» Material shown

────────────────────

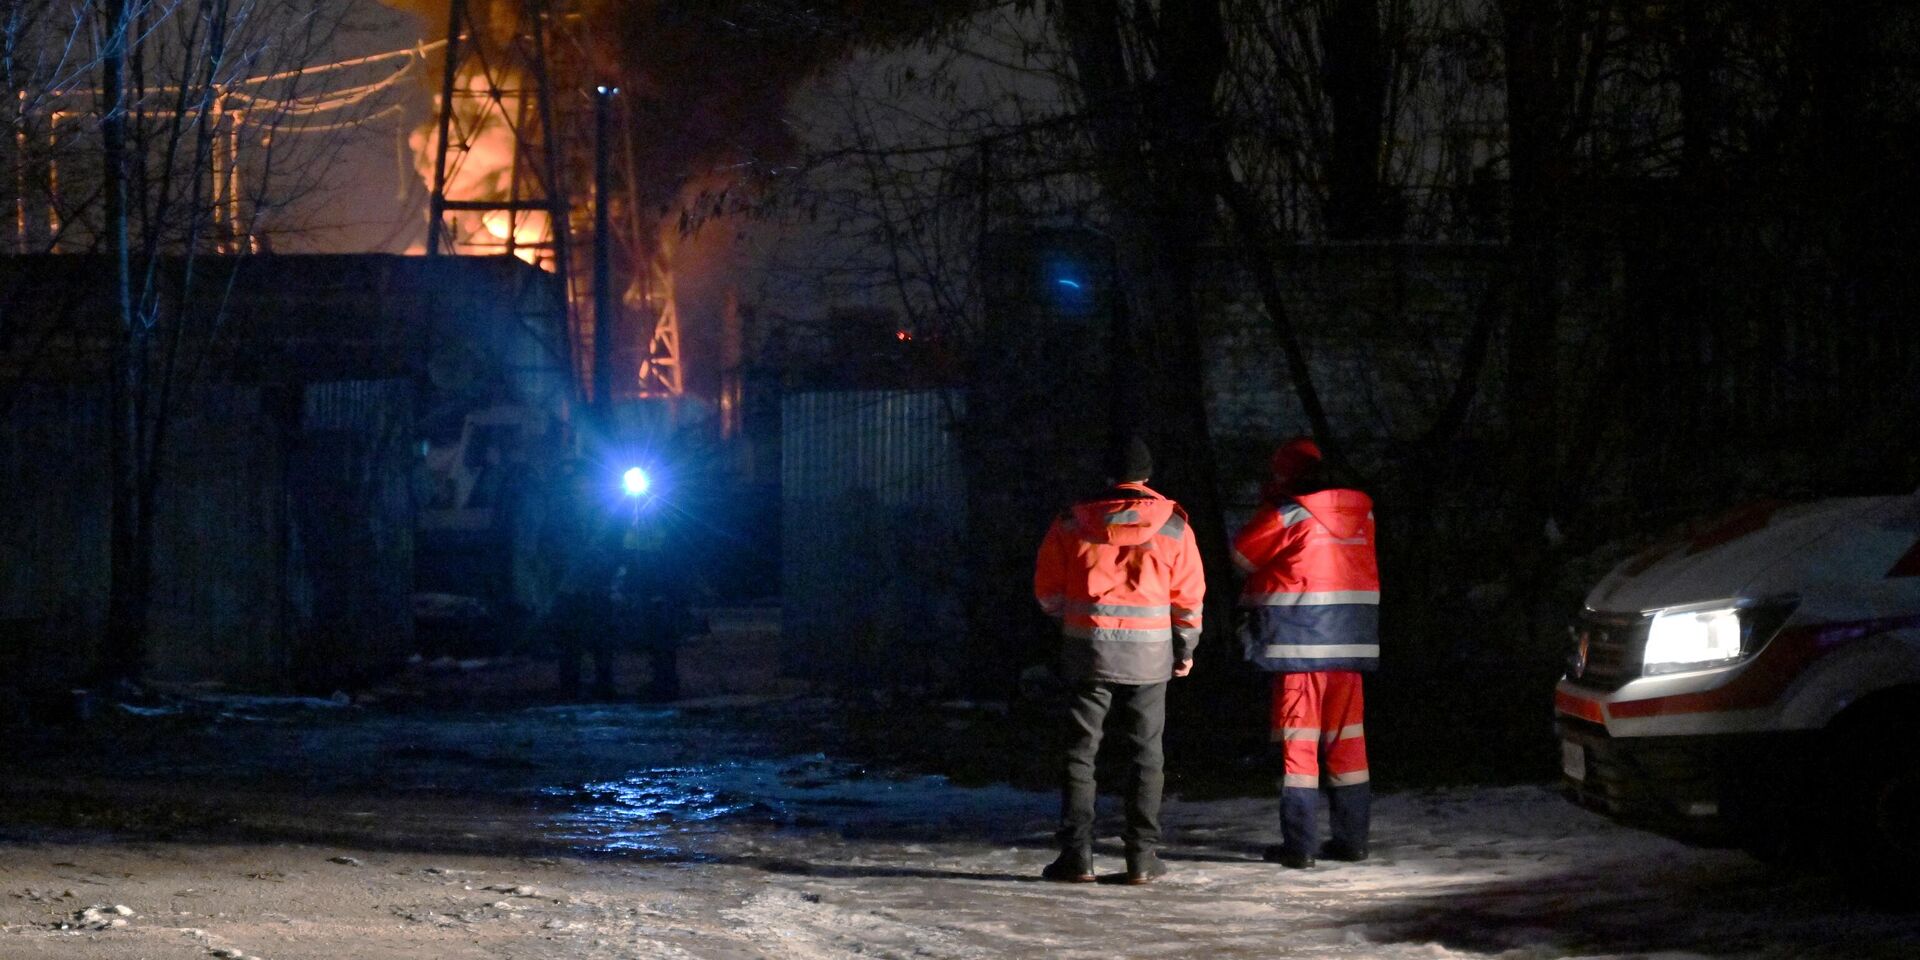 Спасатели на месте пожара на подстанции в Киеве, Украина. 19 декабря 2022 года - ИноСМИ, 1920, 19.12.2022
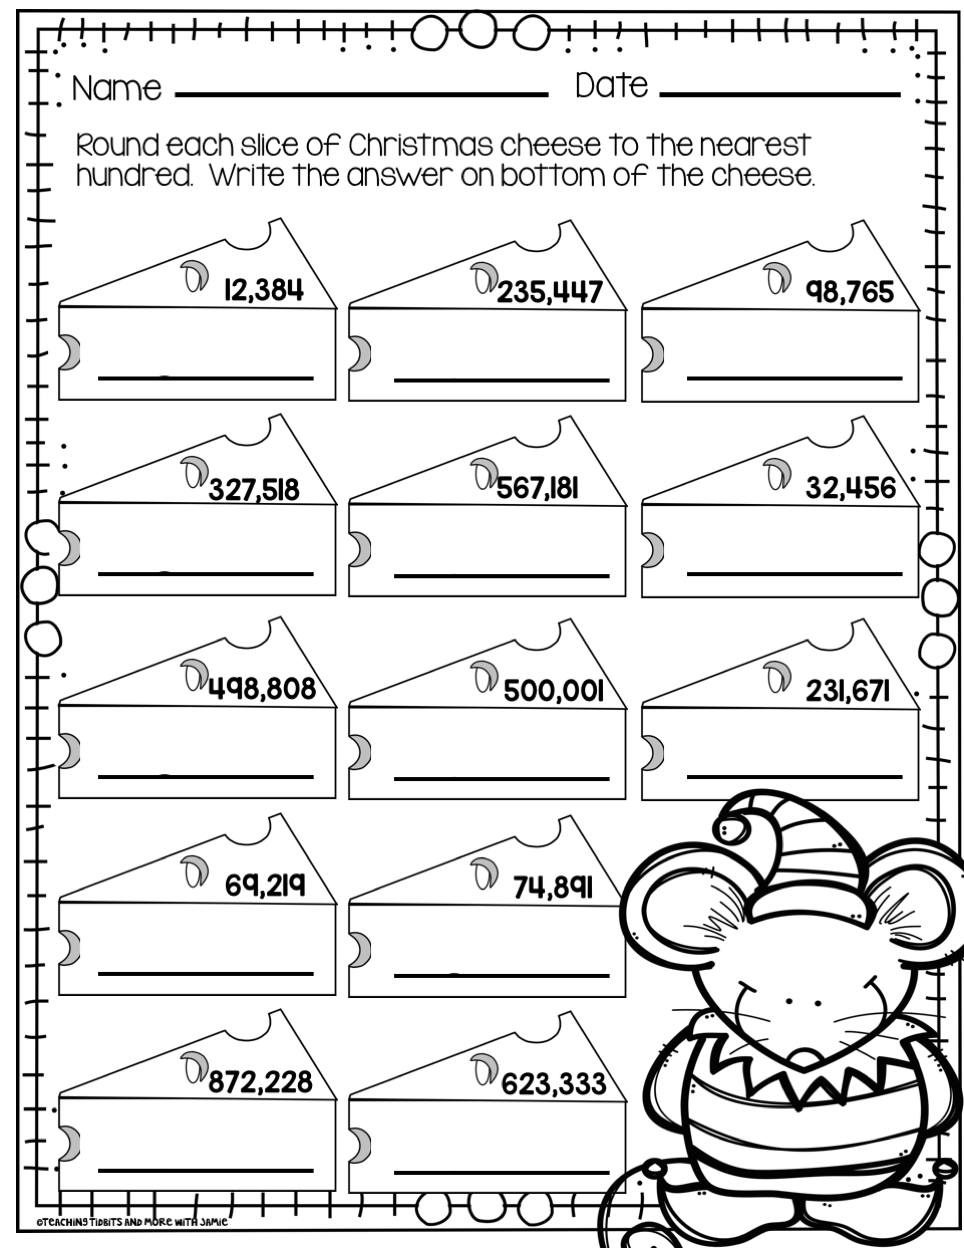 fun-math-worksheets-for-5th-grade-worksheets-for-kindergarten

────────────────────

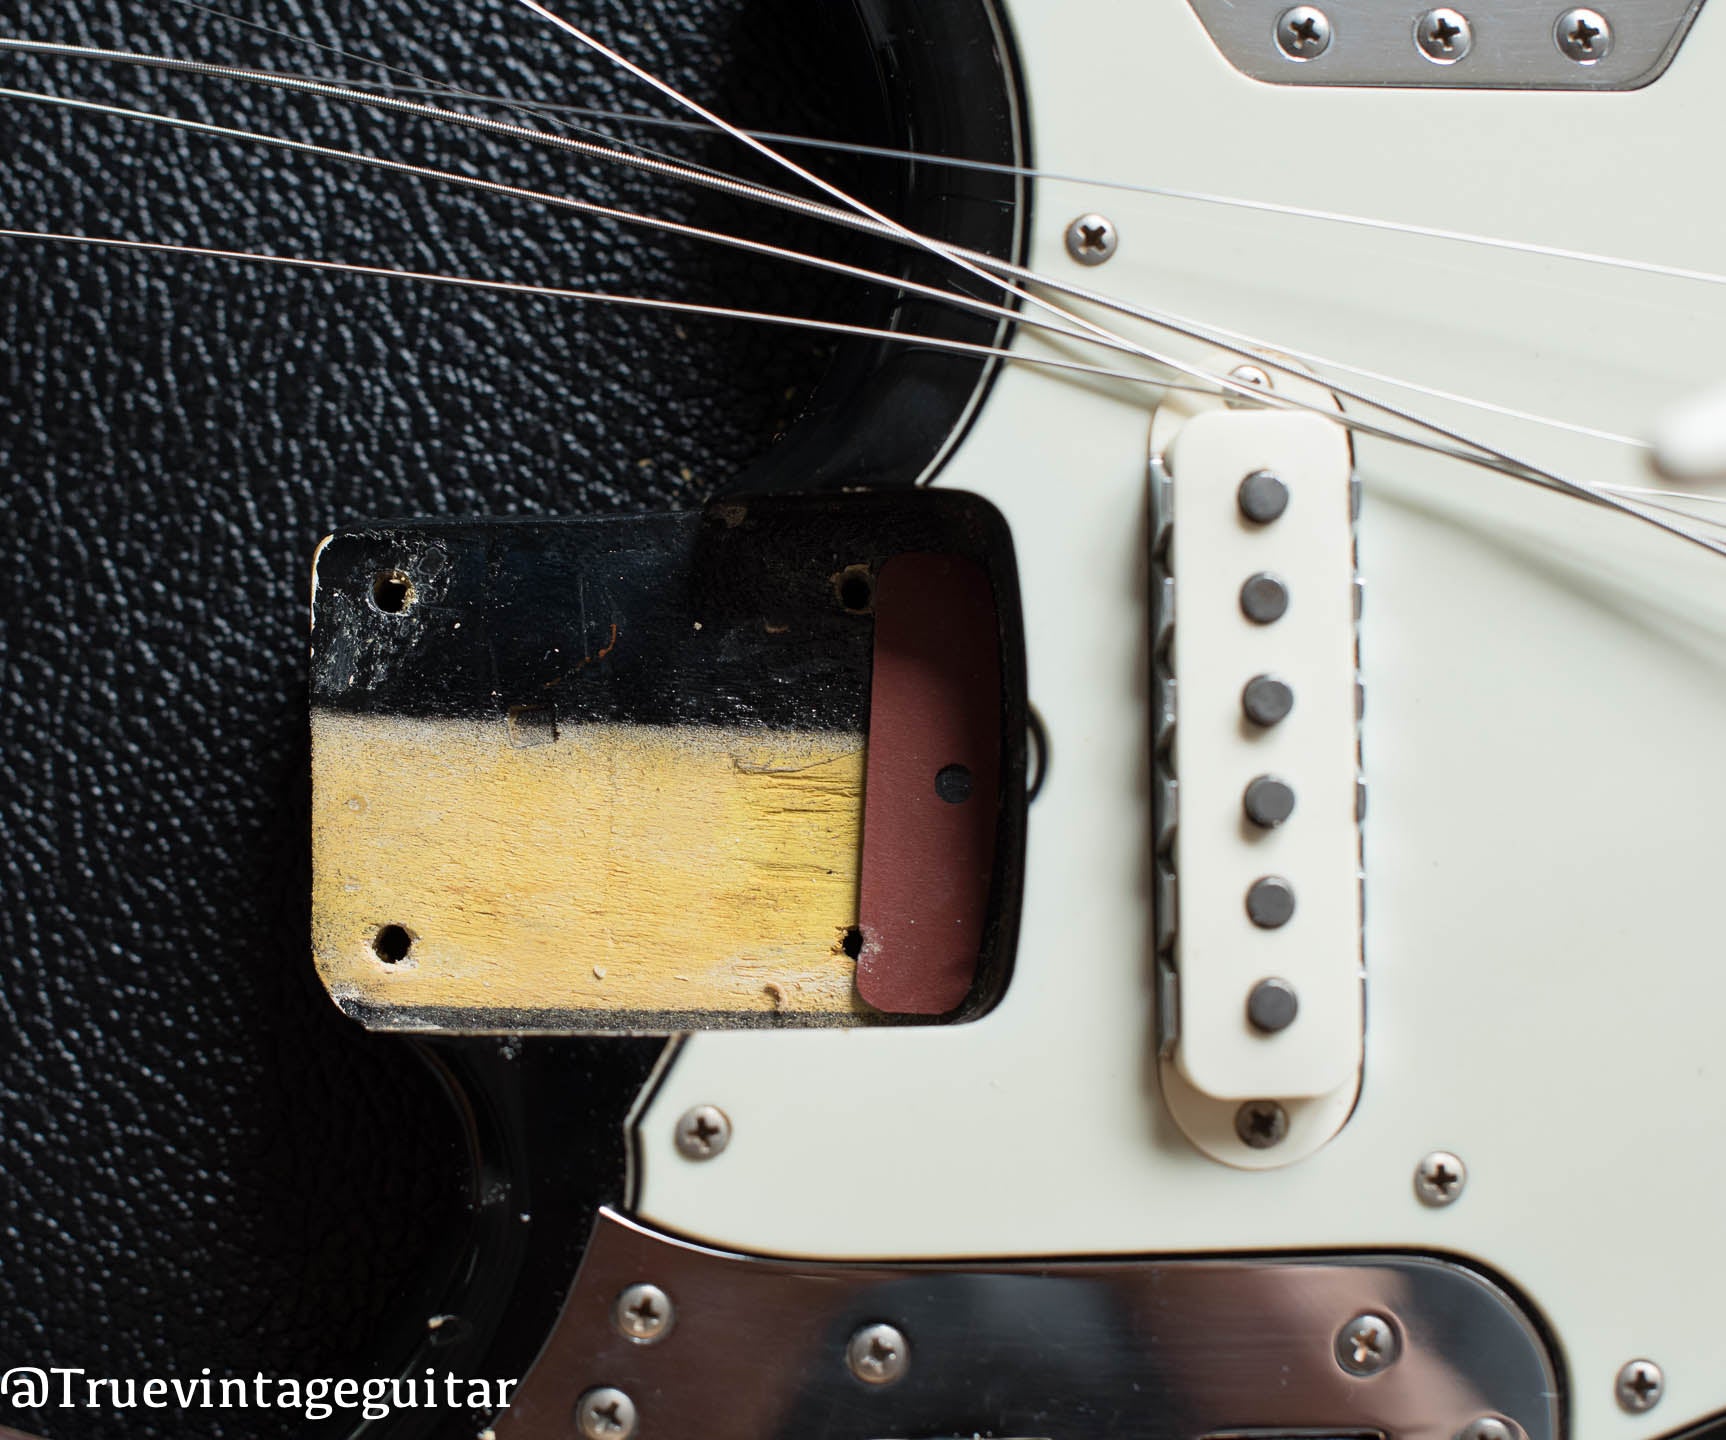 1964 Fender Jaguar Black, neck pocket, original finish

────────────────────

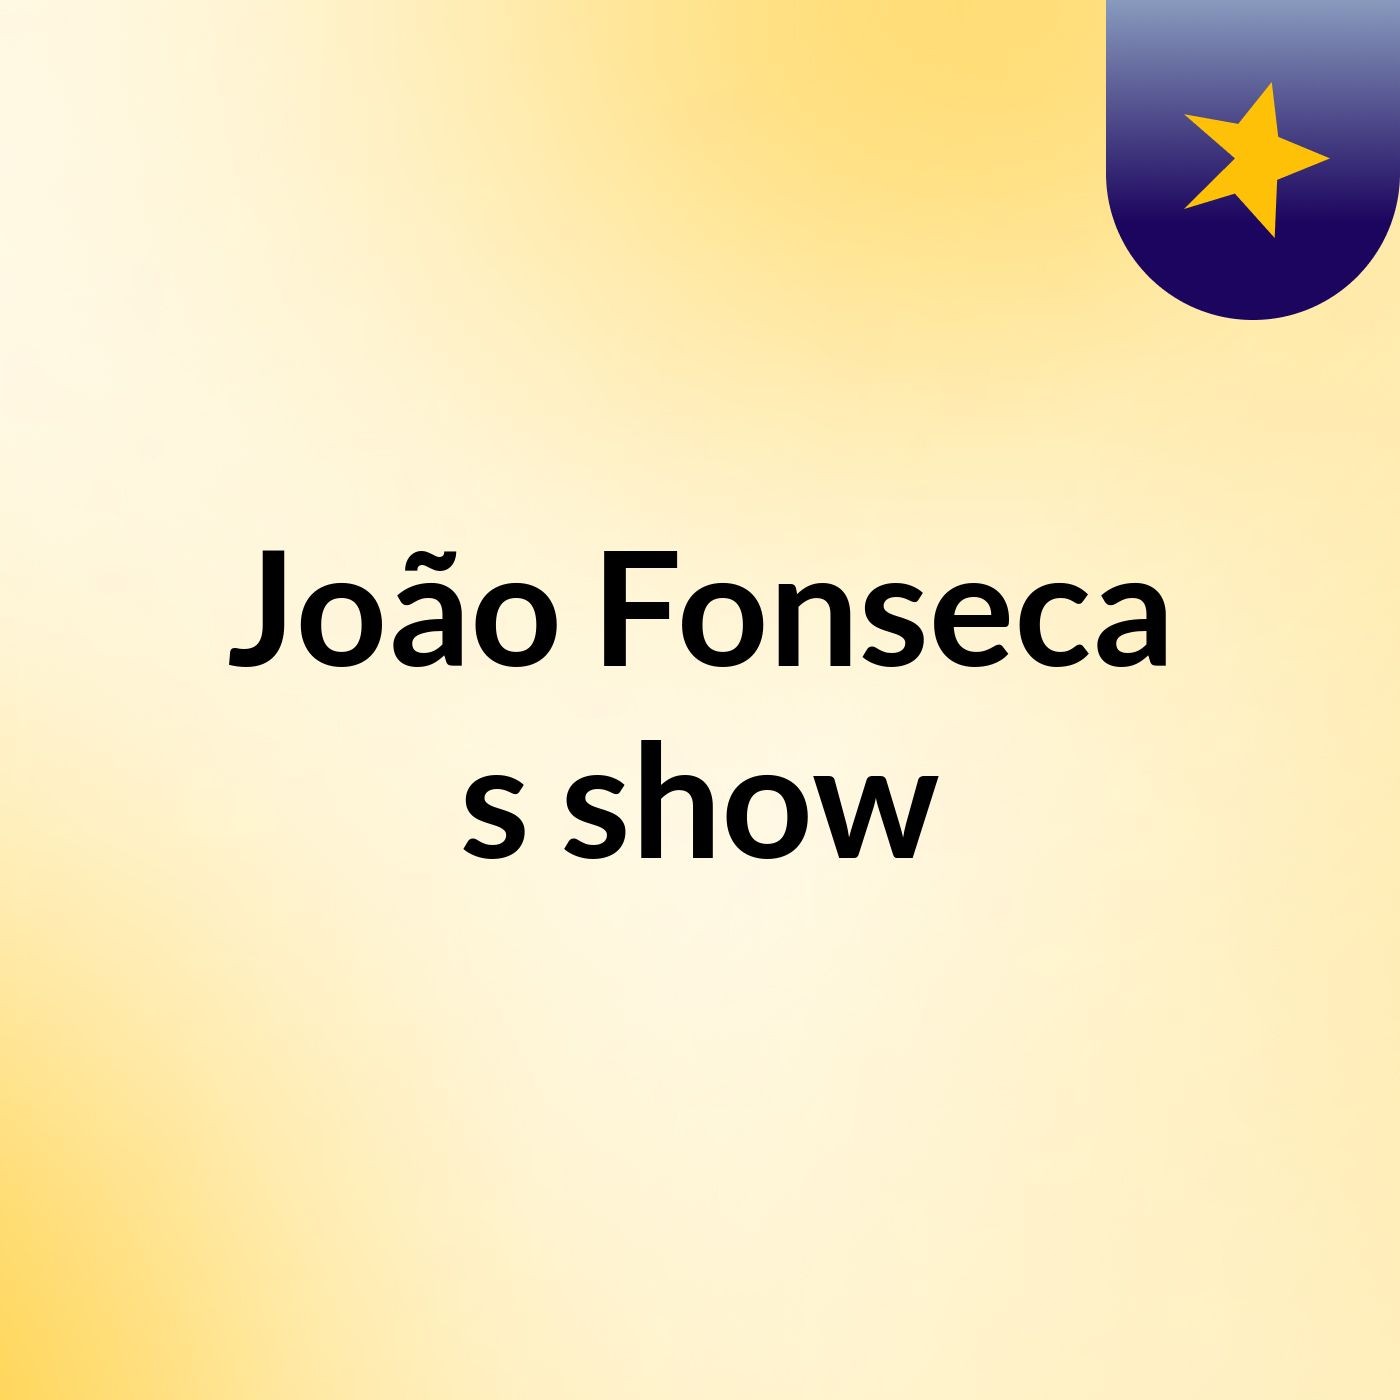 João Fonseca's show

────────────────────

» What the exercise asks
Return only the stretch above from the line containing "Спасатели на месте" through the line containing "fun-math-worksheets-for-5th-grade-worksheets-for-kindergarten", word for word and without pictures.

» Task solution
 Спасатели на месте пожара на подстанции в Киеве, Украина. 19 декабря 2022 года - ИноСМИ, 1920, 19.12.2022
 fun-math-worksheets-for-5th-grade-worksheets-for-kindergarten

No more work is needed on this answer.